Nearly a decade ago, I regularly carpooled to work with my left-of-center neighbor, who had just emigrated from Indiana to Wisconsin. One election day, we decided to hit the polling place before work — but as we got halfway there, she jerked herself upright. “I forgot my driver’s license,” she said, worriedly. I reassured her that she didn’t need to show photo ID to vote. She paused. “That’s crazy,” she said.

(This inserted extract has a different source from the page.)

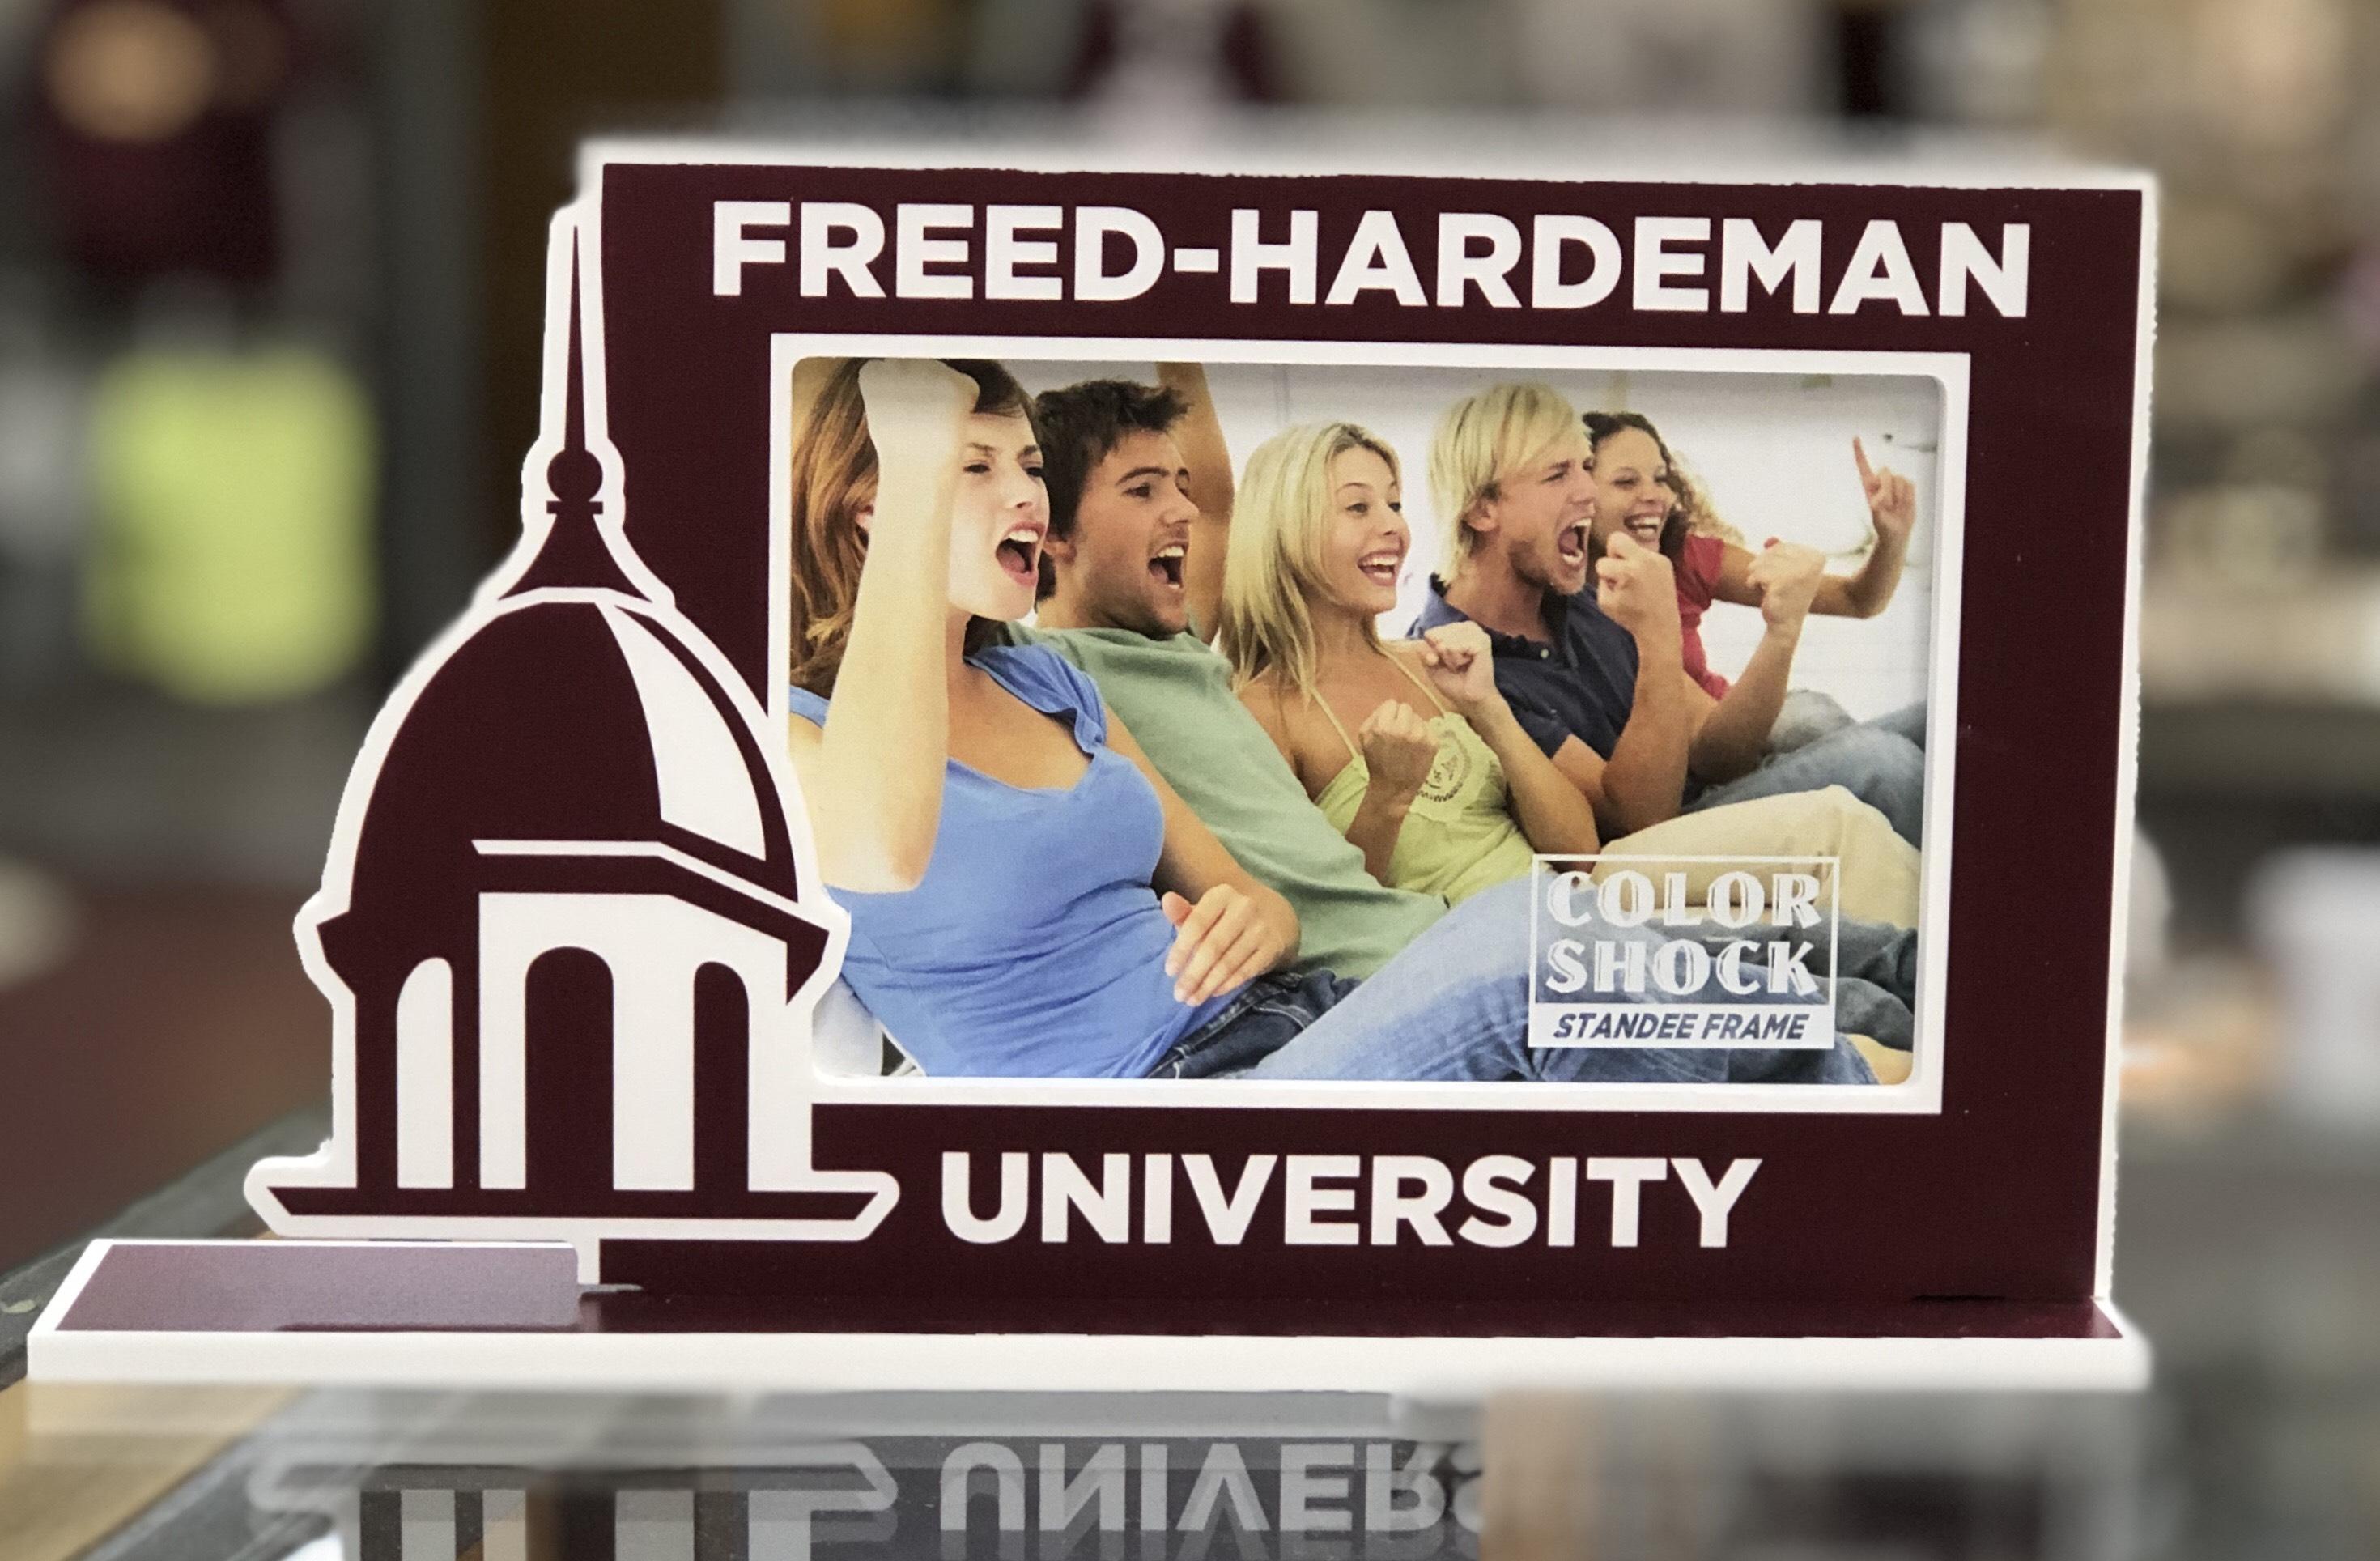 Freed-Hardeman University Standee

Several years later, another prominent liberal would agree with my neighbor’s assessment of the voter verification process. In Crawford v. Marion County Election Board (2008), U.S. Supreme Court Justice John Paul Stevens would uphold the Indiana photo-ID law (although his explanation was slightly less succinct than my neighbor’s.) In his six to three majority opinion, Stevens upheld Indiana’s voter-identification law, noting that “public confidence in the integrity of the electoral process has independent significance, because it encourages citizen participation in the democratic process.”
When Stevens retired in 2010, President Barack Obama hailed him as an “impartial guardian” of the law, saying the “brilliant” justice had “worn the judicial robe with honor and humility.”
Yet in Crawford, Stevens had apparently been too “impartial” for Obama’s tastes. On Monday, Obama’s Justice Department, headed up by beleaguered Attorney General Eric Holder, blocked a Texas voter-ID law, arguing the statute would disproportionately affect Hispanic voters. (In December, Holder’s department stopped implementation of a similar law in South Carolina.)
If Stevens’ opinion in Crawford marked a high point for “brilliance,” “honor,” and “humility,” then Obama’s DOJ is proactively eschewing those virtues. All the issues of racial vote suppression in Texas were hashed out in Crawford, which the Obama administration is now willing to defenestrate in favor of its own agenda.
For instance, DOJ has concluded that between 603,892 and 795,955 registered Texas voters do not have either a driver’s license or state-issued identification. According to numbers submitted by the state, up to 10.8 percent of Hispanic voters lack acceptable photo ID, nearly double the rate of non-Hispanics.
But Stevens drew the distinction between voters who are unable to obtain proper identification and those who were simply unwilling. “For most voters who need them, the inconvenience of making a trip to the BMV (Bureau of Motor Vehicles), gathering the required documents, and posing for a photograph surely does not qualify as a substantial burden on the right to vote, or even represent a significant increase over the usual burdens of voting,” Stevens wrote. He later added that “we cannot conclude that the statute imposes ‘excessively burdensome requirements’ on any class of voters.”
Further, Stevens dismissed the dire statistics about photo-ID-free voters submitted in the lower courts, noting that their accuracy had “not been tested in the trial court.” Previously, federal district court judge Sarah Evans Barker had found the estimates “utterly incredible and unreliable.”
Yet, according to Stevens’s opinion, even the “heavier burden” some groups face in obtaining a photo ID is mitigated by the fact that voters in both Indiana and Texas are allowed to cast provisional ballots. Having ten days following the election to prove who you are doesn’t pose a constitutional problem, according to the Court.
Stevens even notes that the federal government is, in part, to blame for the need for a photo-ID requirement. In the early 1990s, the federal “Motor Voter” law began automatically registering everyone to vote who applied for or renewed their driver’s licenses. Portions of the act limited states’ abilities to remove names from those lists; thus, voting districts were stuck with inflated voter rolls, replete with names of people who had died or moved. Thus, data collected by the Election Assistance Committee in 2004 indicated that 19 of 92 Indiana counties had registration totals exceeding 100 percent of the 2004 voting-age population.
Of course, in the absence of a photo-ID requirement, once a name is on a registration list, it is fair game to anyone that wants to rent it for an election. (This is in contrast to someone wanting to rent a DVD, in which case they actually have to show some identification.) And it is this type of potential fraud that Stevens recognized as entirely possible in the absence of a photo-ID law, saying “the interest in orderly administration and accurate recordkeeping provides a sufficient justification for carefully identifying all voters participating in the election process.”
The alternative is, to put it in my neighbor’s parlance, “crazy.”
— Christian Schneider is a senior fellow at the Wisconsin Policy Research Institute and a co-author of the Campaign Manager Survey.